L’objectif du présent projet est de proposer une analyse pluridisciplinaire à l’échelle internationale de la création et de la gouvernance de l’imaginaire urbain afin de préciser les attendus et perspectives de la CIté. Ce colloque souhaite d’instaurer un regard croisé entre les recherches en sciences humaines et sociales sur la Cité et la création artistique. Comment les acteurs artistiques articulent-ils la Cité, comment travaillent-ils les notions de la représentation, de la participation, de la créativité ? Comment peut-on articuler création et gouvernance de l’imaginaire ? Peut-on gouverner l’imaginaire ? Si l’art, la création et l’image ne pose qu’un cadre, comment peuvent-ils oeuvrer en tant que passeurs ? Nous encourageons les contributions émanant des champs disciplinaires des Sciences humaines et sociales et des Arts, dans une perspective transdisciplinaire capable de répondre aux problématiques évoquées.

Mots clefs: 

- La Cité, l'espace public

-Participation, public authorship

-Création des imaginaires, représentation et identité

-Gestion et autogestion, politics of place

-Dire la ville, faire la cité

Colloque labelisé MSH, équipe d’accueil Arts : pratiques et poétiques (EA 3208), programme de recherche Pratiques artistiques, société et urbanité.
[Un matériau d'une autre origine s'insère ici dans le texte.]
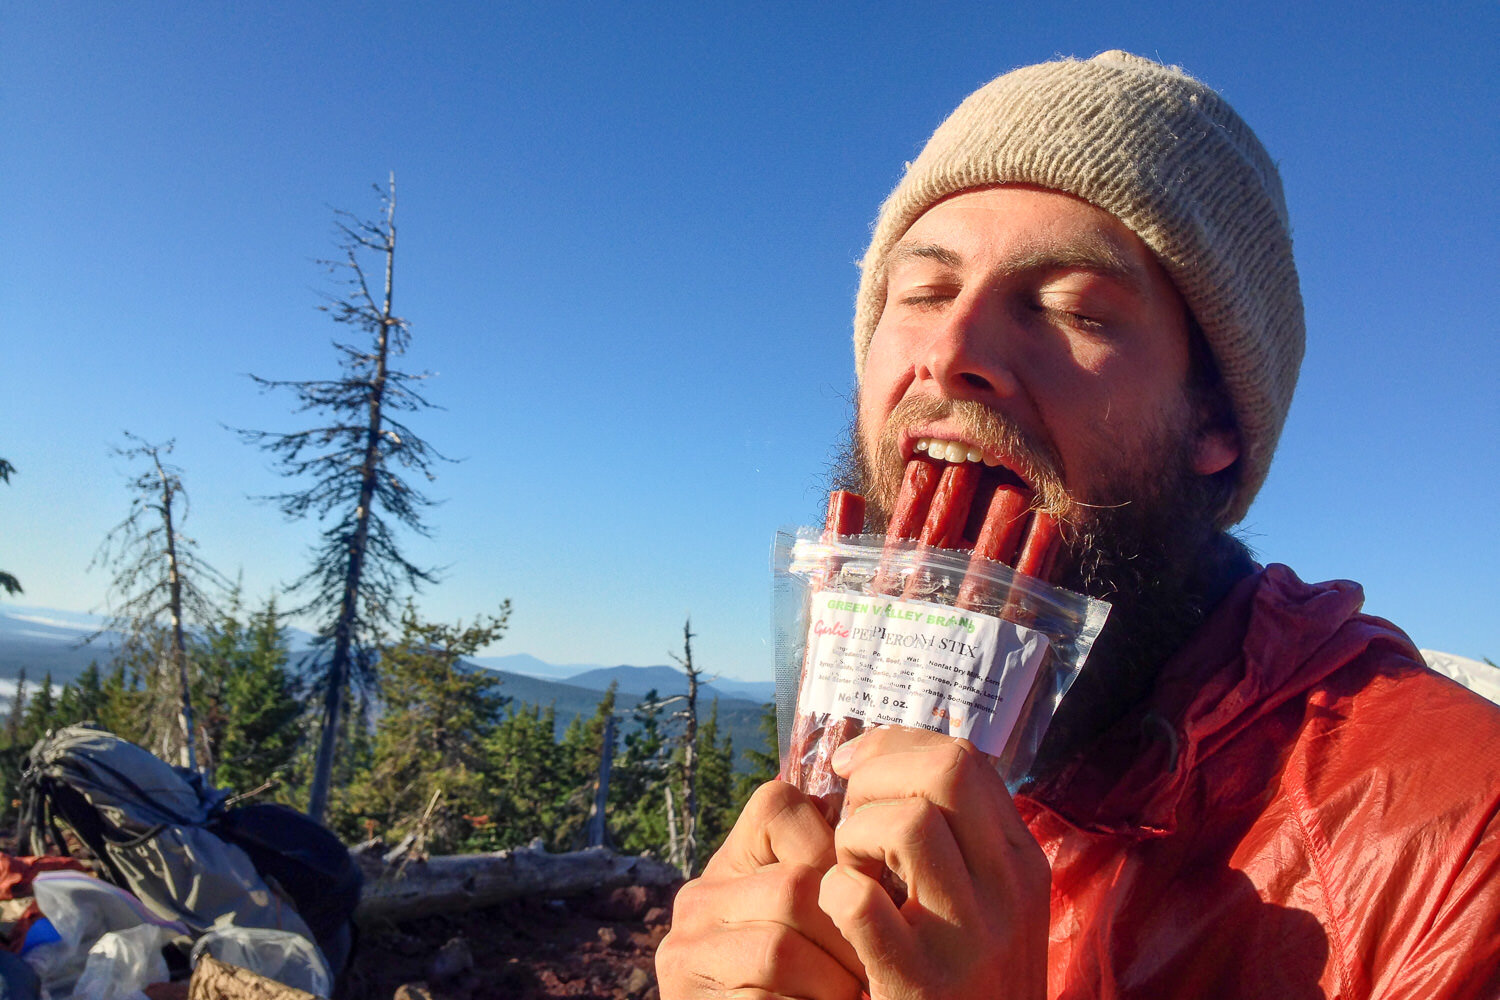 Hiker Hunger is the real deal - don’t skimp on food

Interactions, limites et interférences, sous la responsabilité de Denis Briand et Marion Hohlfeldt, université Rennes 2.

Responsable scientifique : Marion Hohlfeldt

Commité scientifique : Catherine Guy (urbaniste, Rennes 2), Dominique Jézéquellou (architecte, ENSAB Rennes), Christian Le Bart (politiste, Rennes 1), Malcolm Miles (science culturelles, University of Plymouth), André Sauvage (science humaines et sociale, Rennes 2), Olga Schmedling (historienne de l’art, IFIKK, University of Oslo)

 

Nous vous invitons à faire parvenir un résumé ne dépassant pas les 2000 signes pour le 12 février 2012 au plus tard avec votre nom, fonction, et contact à Marion Hohlfeldt (marion.hohlfeldt@univ-rennes2.fr) ou Ophélie Queffurus (ophelie.queffurus@hotmail.fr)

Ce colloque sera organisé les 26 et 27 avril 2012, à l'Université Rennes II en partenariat avec l'Ecole d'architecture de Bretagne et la Maison des Sciences de l'Homme de Bretagne (label MSH)

[1] Jean-Jacques Rousseau, Du Contrat social, I, vi, note*, in Oeuvres complètes, Paris, Gallimard, Bibliothèque de la Pléiade, 5 vol., 1959-1995, vol. III, p. 361.